Four months earlier, Lundergan had moved out of her rented Washington D.C. home at 2037 37th St. There had been a number of polite phone calls, emails and letters for months, but she still couldn’t get her $1,150 security deposit back. Her roommate and landlord were pointing fingers at each other.

Three days after sending that email, Lundergan had enough, and filed suit against her roommate, Eugenia Edwards, and the landlord, a priest who lived in Oregon, in a small claims court in Washington.

Court documents recently obtained by The Daily Caller shed light on this frustrating experience for the then-23-year-old, who is now a U.S. Senate candidate in Kentucky and goes by her full married name, Alison Lundergan Grimes.

On August 28, 2002, Lundergan, who went to law school at American University in D.C. and worked at the National Kidney Foundation, wrote to Edwards: “I have tried to reach you by phone for the past two days but have only received your answering machine.”

“I would appreciate it very much if you would forward my portion of the deposit, $1,150, to my home in Kentucky,” she wrote. “Thanks so much for your cooperation and help with this matter.
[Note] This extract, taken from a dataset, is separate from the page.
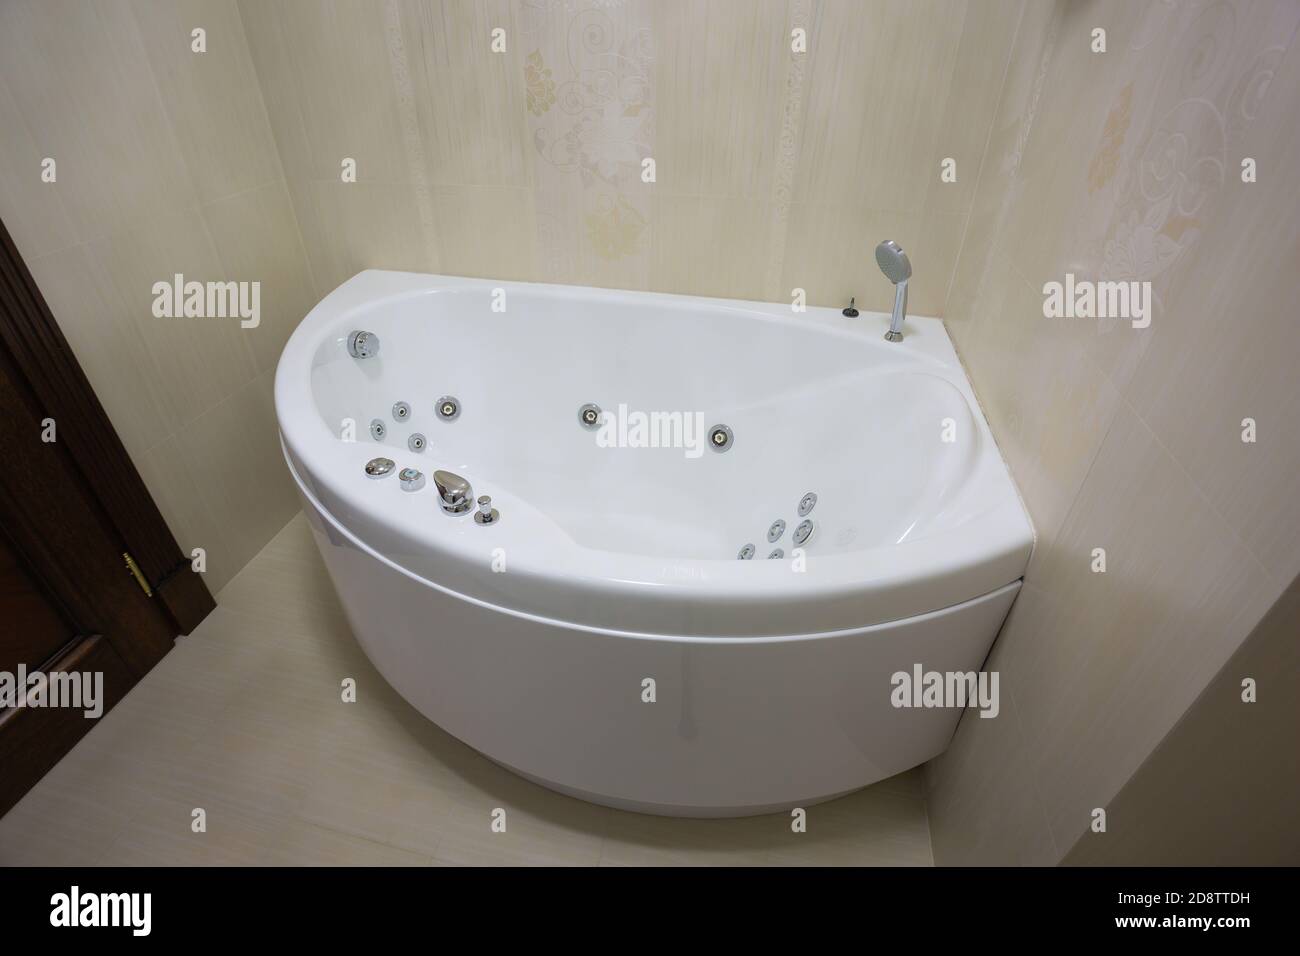 Jacuzzi Bath High Resolution Stock Photography and Images - Alamy

Hope all is well and that your preparation for the LSAT is going smoothly. Take Care.”

The lawsuit named Rev. Virgil C. Funk, who owned the rental property, as a defendant. (Funk is listed online as president emeritus of the National Association of Pastoral Musicians, whose members “serve the Catholic Church in the United States as musicians, clergy, liturgists, and other leaders of prayer”).
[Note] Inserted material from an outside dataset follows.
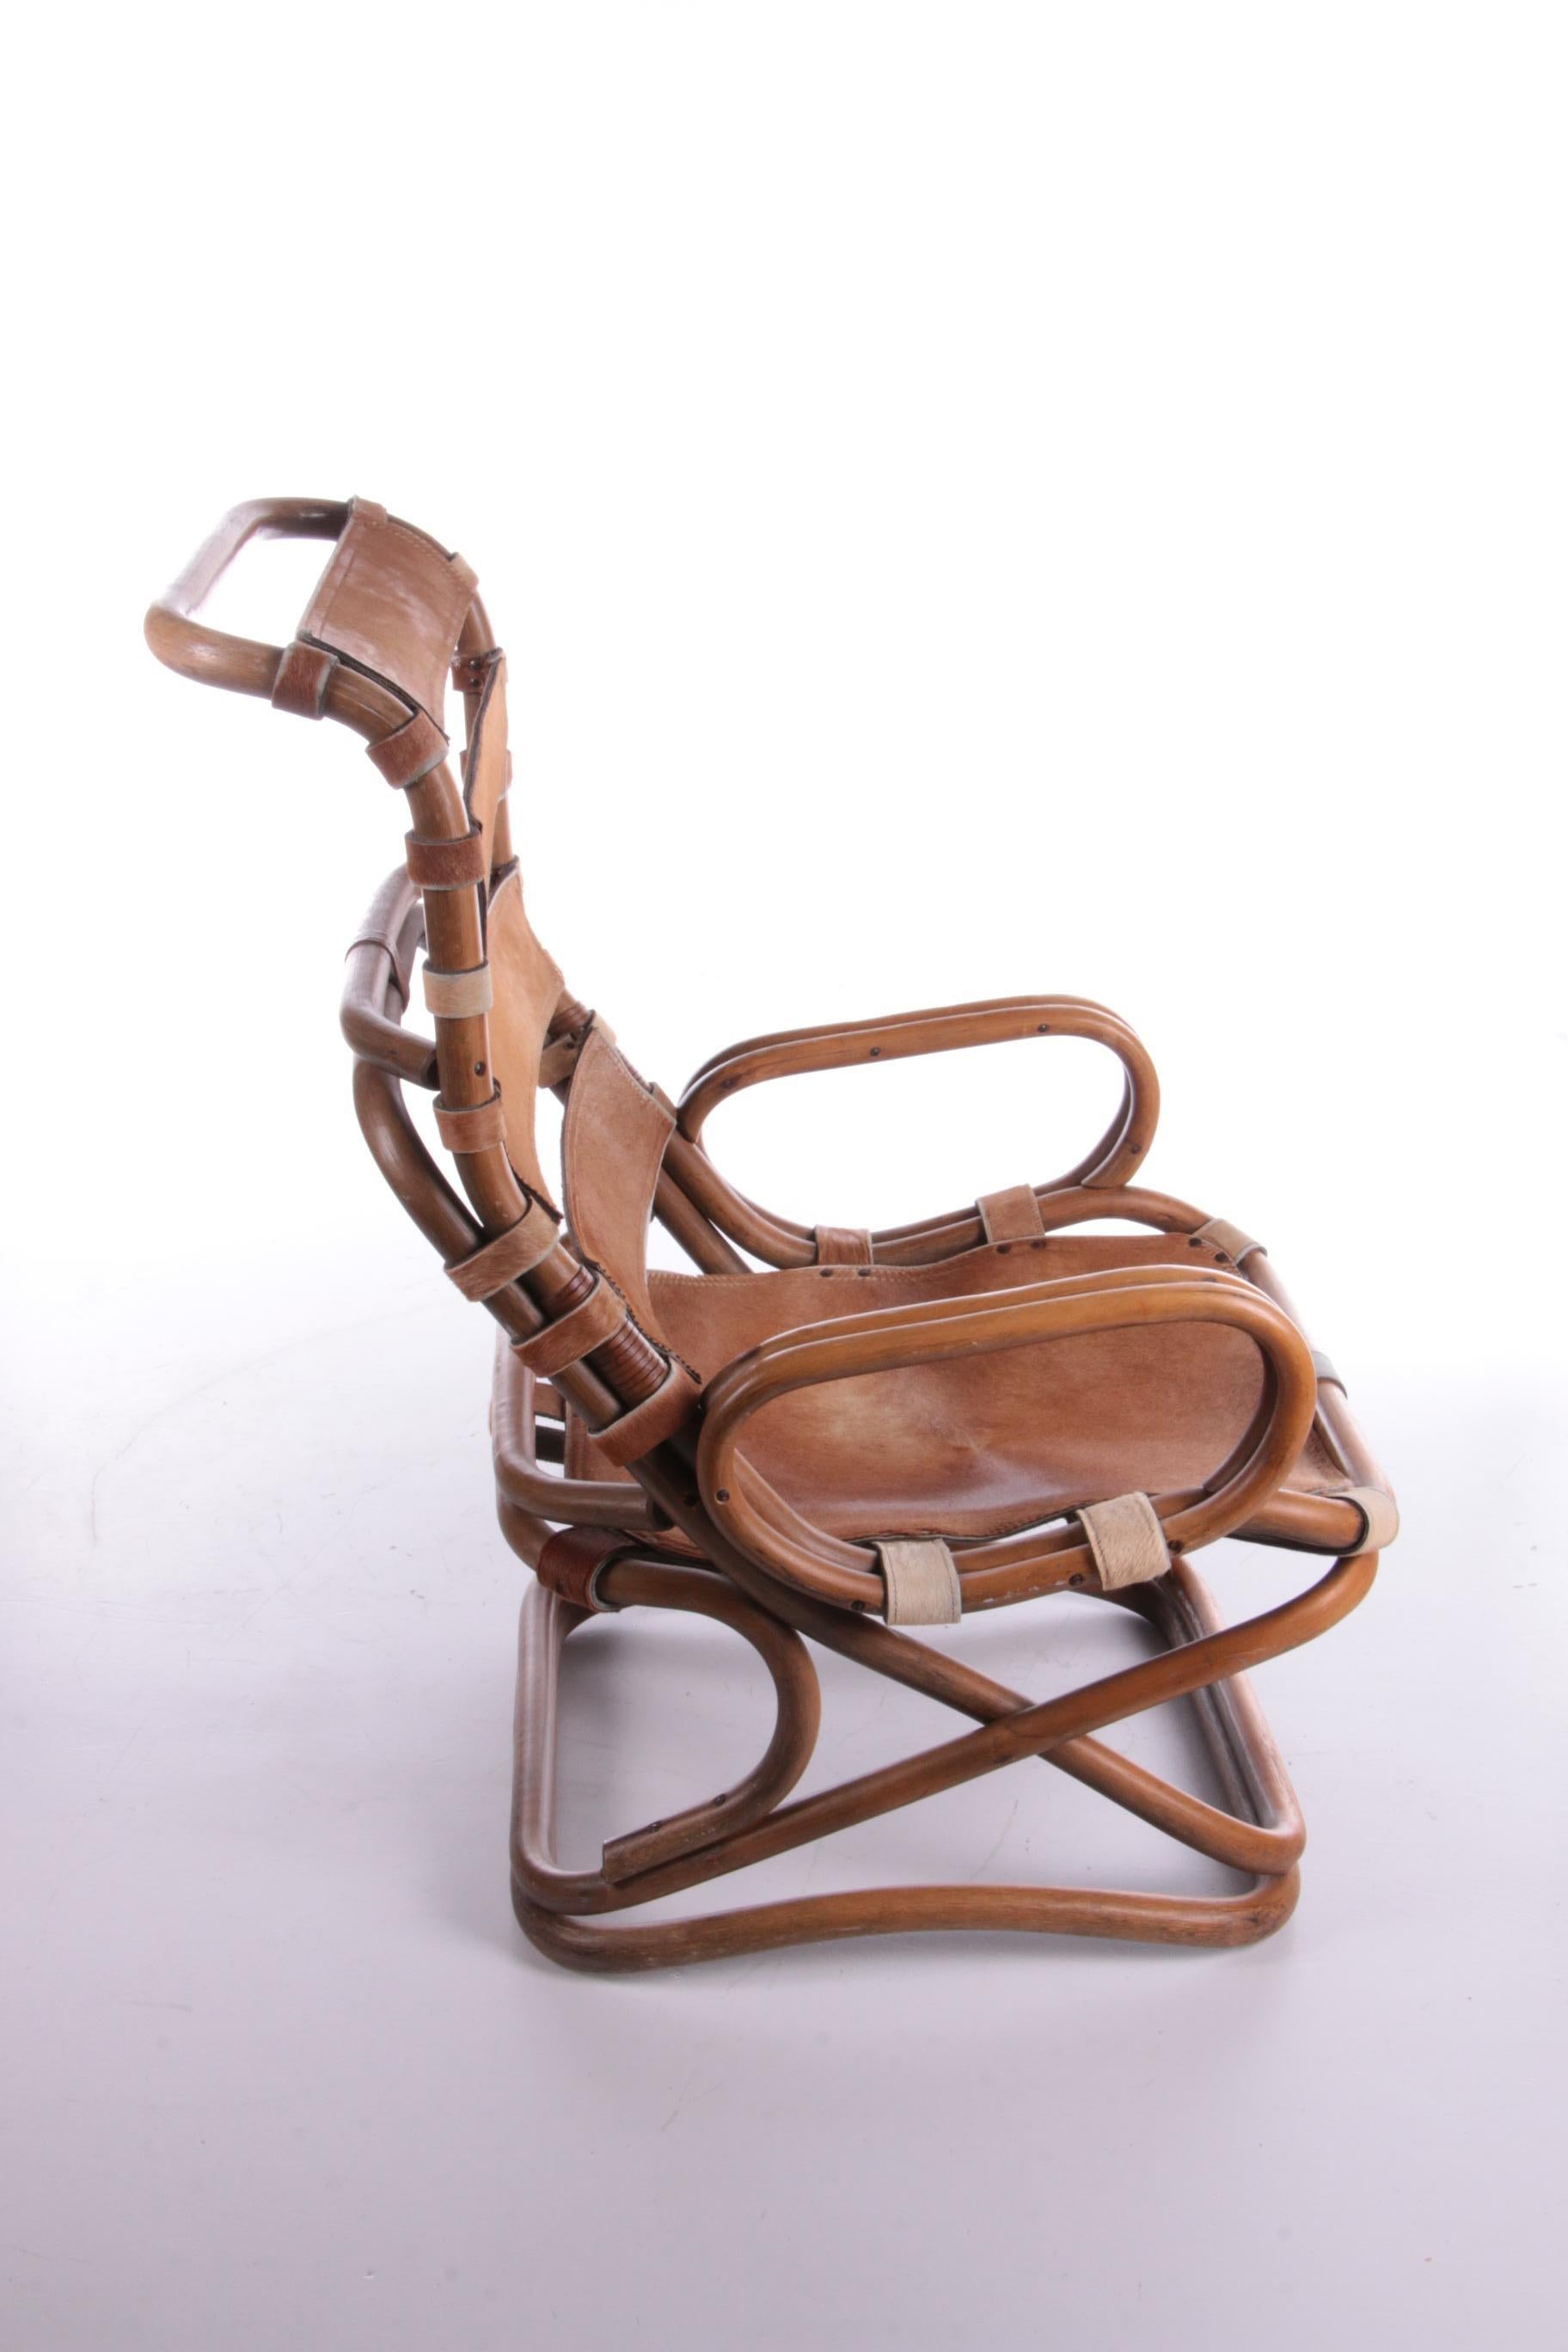 Mid-20th Century Tito Agnoli Relax Chair Made of Bamboo and Leather, 1960 For Sale

The documents include a long timeline of Grimes’ efforts to recover the security deposit. “Called Virgil 9 a.m. EST in Oregon, didn’t realize the time zone difference in Oregon, spoke with his wife, indicated I would call back later in the day to speak with Virgil.”
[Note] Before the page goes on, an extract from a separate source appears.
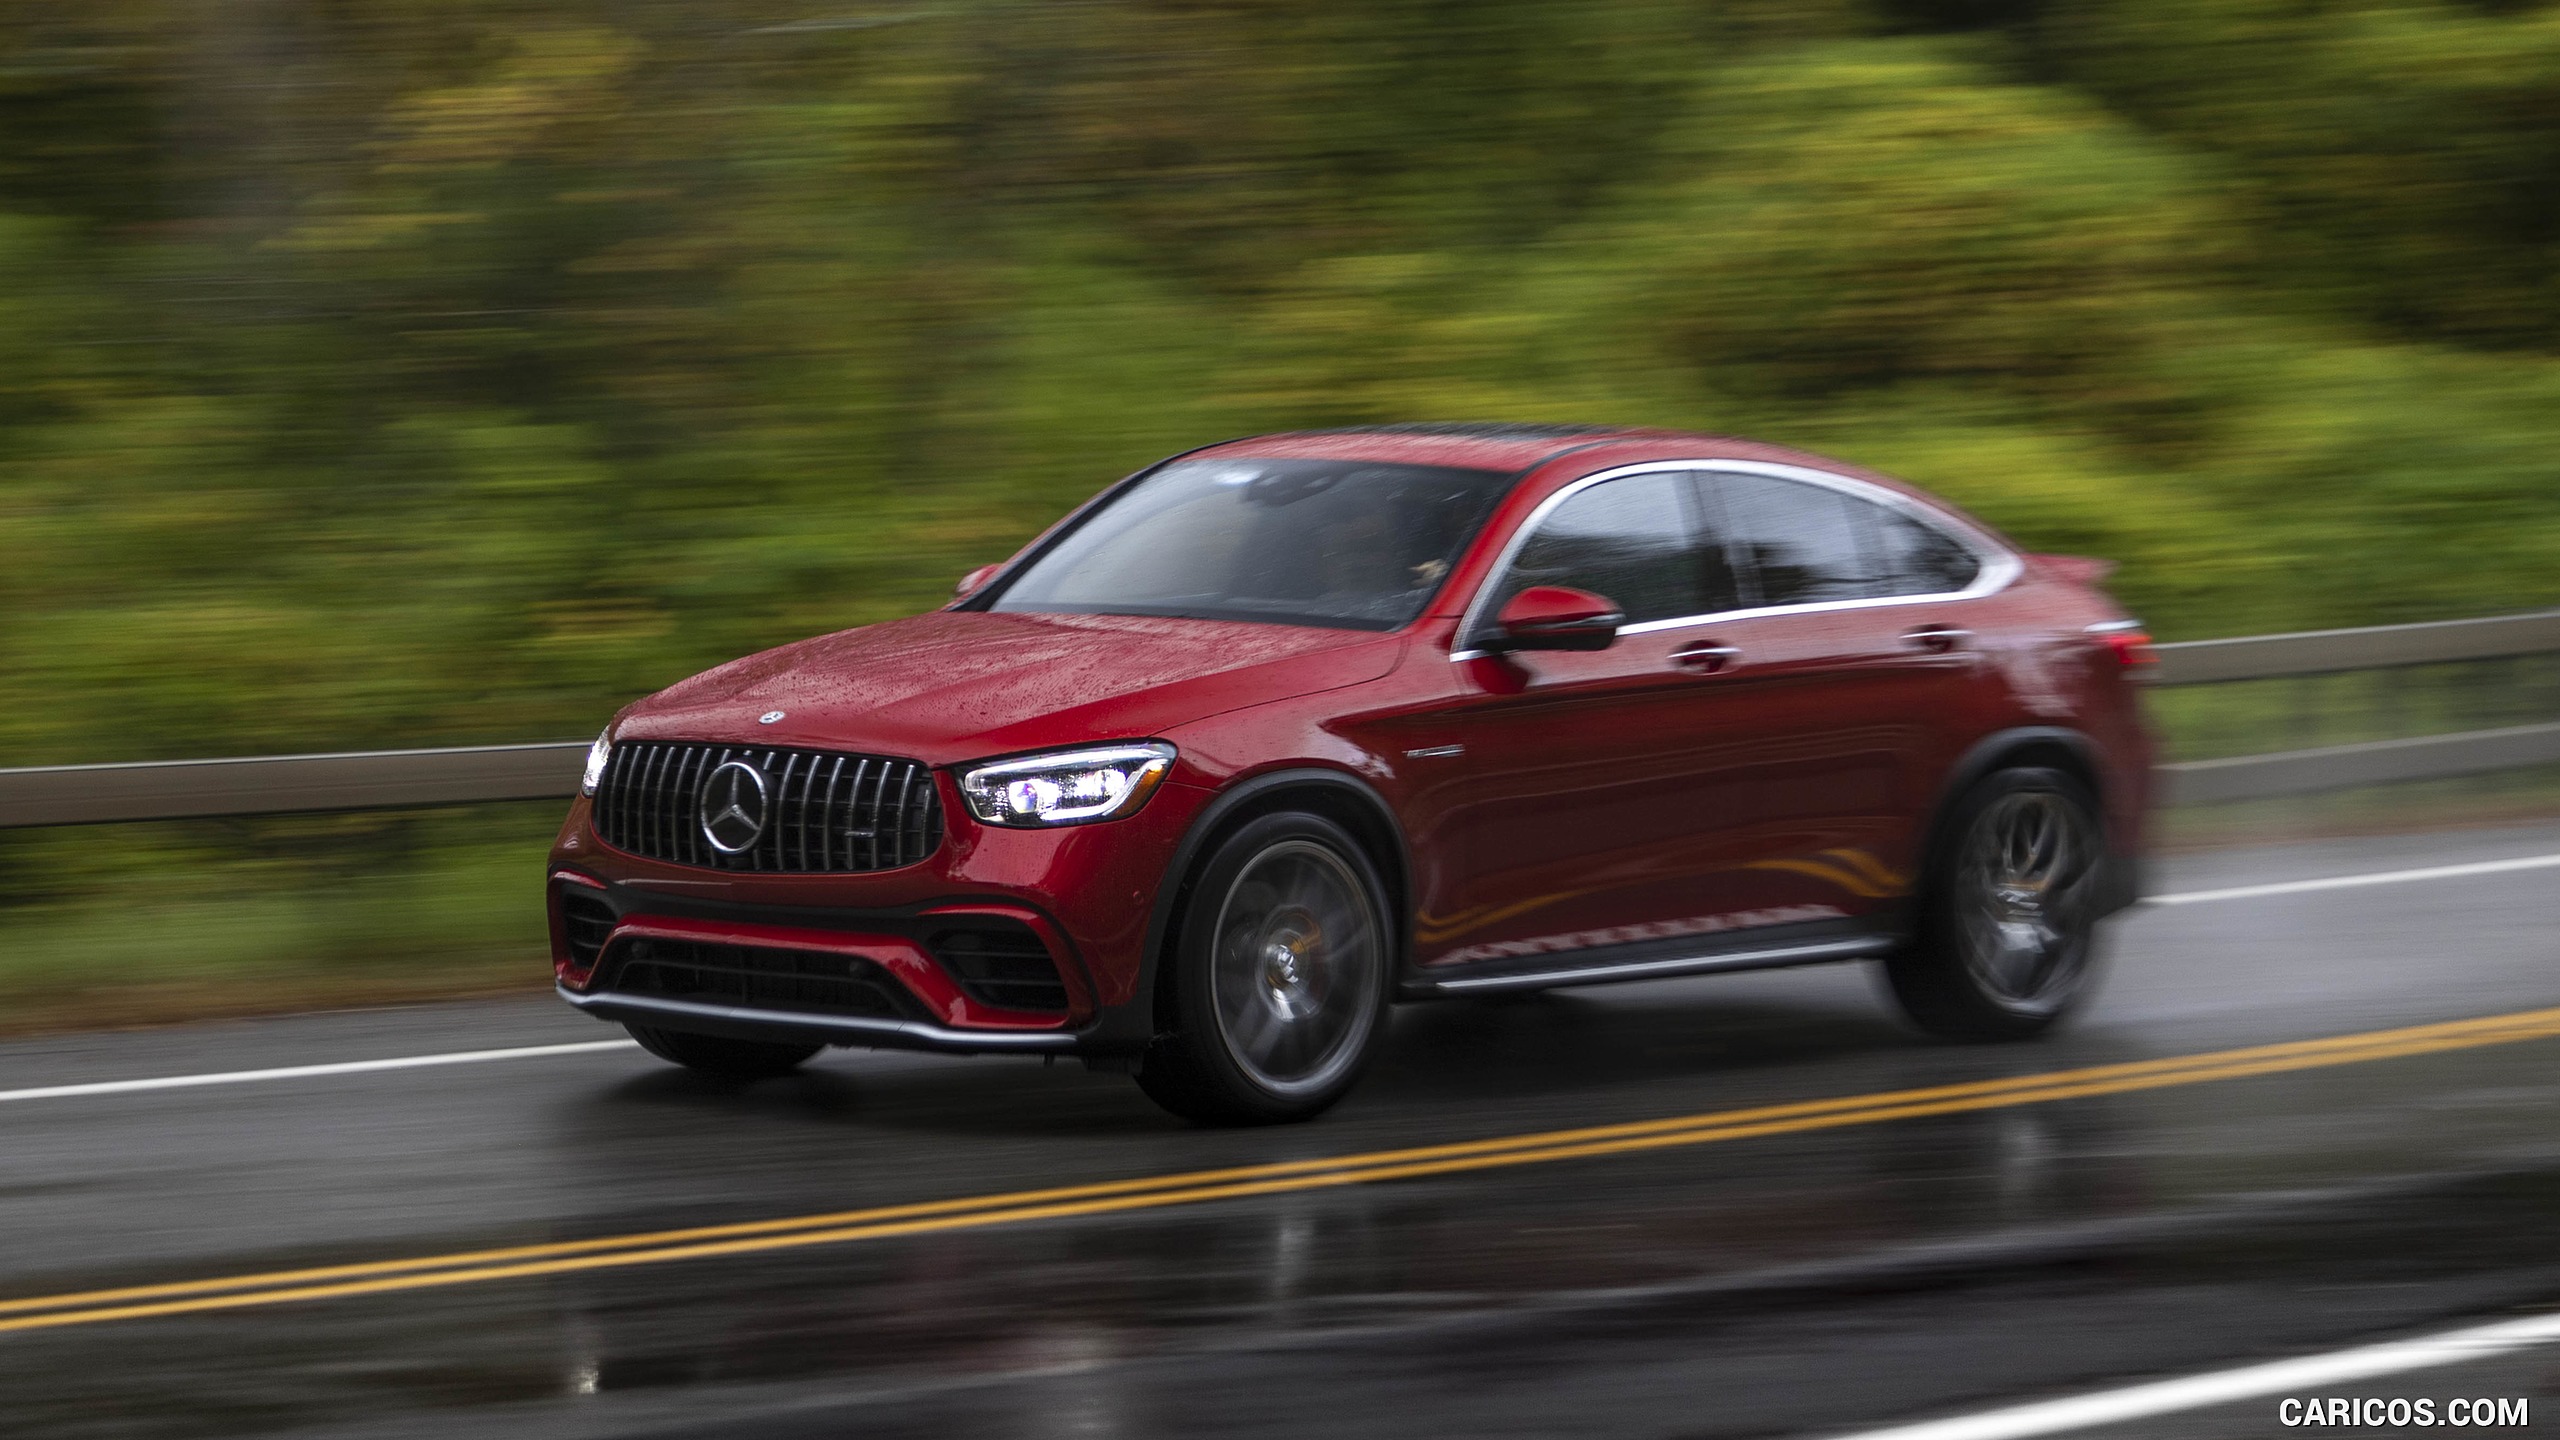 2020 Mercedes-AMG GLC 63 S Coupe (US-Spec) - Front Three-Quarter, #29 of 102

In a statement accompanying her claim at the time, Lundergan explained that after being unable to get the deposit back, she enlisted the help of her father, the businessman and former Kentucky Democratic Party Chairman Jerry Lundergan.

“After having received no communication or deposit from Mr. Funk whatsoever, my father, Jerry Lundergan, called and left a message with him at his D.C. residence,” she wrote. “Mr. Funk returned my father’s call, indicating that he was not in D.C. but rather Oregon and that the deposit would be returned to Eugenia Edwards…. and that I could obtain my portion of the deposit from Eugenia at that time.”

But the situation was complicated: Edwards told Lundergan that Funk had only returned half of the deposit, but Funk maintained he sent the entire security deposit for both of them back to Edwards.

The matter went to mediation, and came to a resolution on Nov. 22, 2002.

“Note that this case is settled as follows,” the court documents read. “Eugene Edwards agrees to pay Virgil Funk $575 to be mailed to defendant’s attorney Paul Ostrye. Defendant Virgil Funk agrees to mail payment [to] plaintiff $950 on or before December 4th, 2002 in the form of a personal check. Once plaintiff receives the $950 all parties are released from their obligations under the lease.”

Asked about the suit, a Grimes campaign aide told TheDC: “She won. The priest sided with her.”

Edwards and Funk did not immediately respond to emails Tuesday.

Grimes, the Secretary of State of Kentucky, is challenging Republican Senate leader Mitch McConnell in this year’s Senate race. The Real Clear Politics polling average has McConnell up 47.2 percent to Grimes’ 42 percent.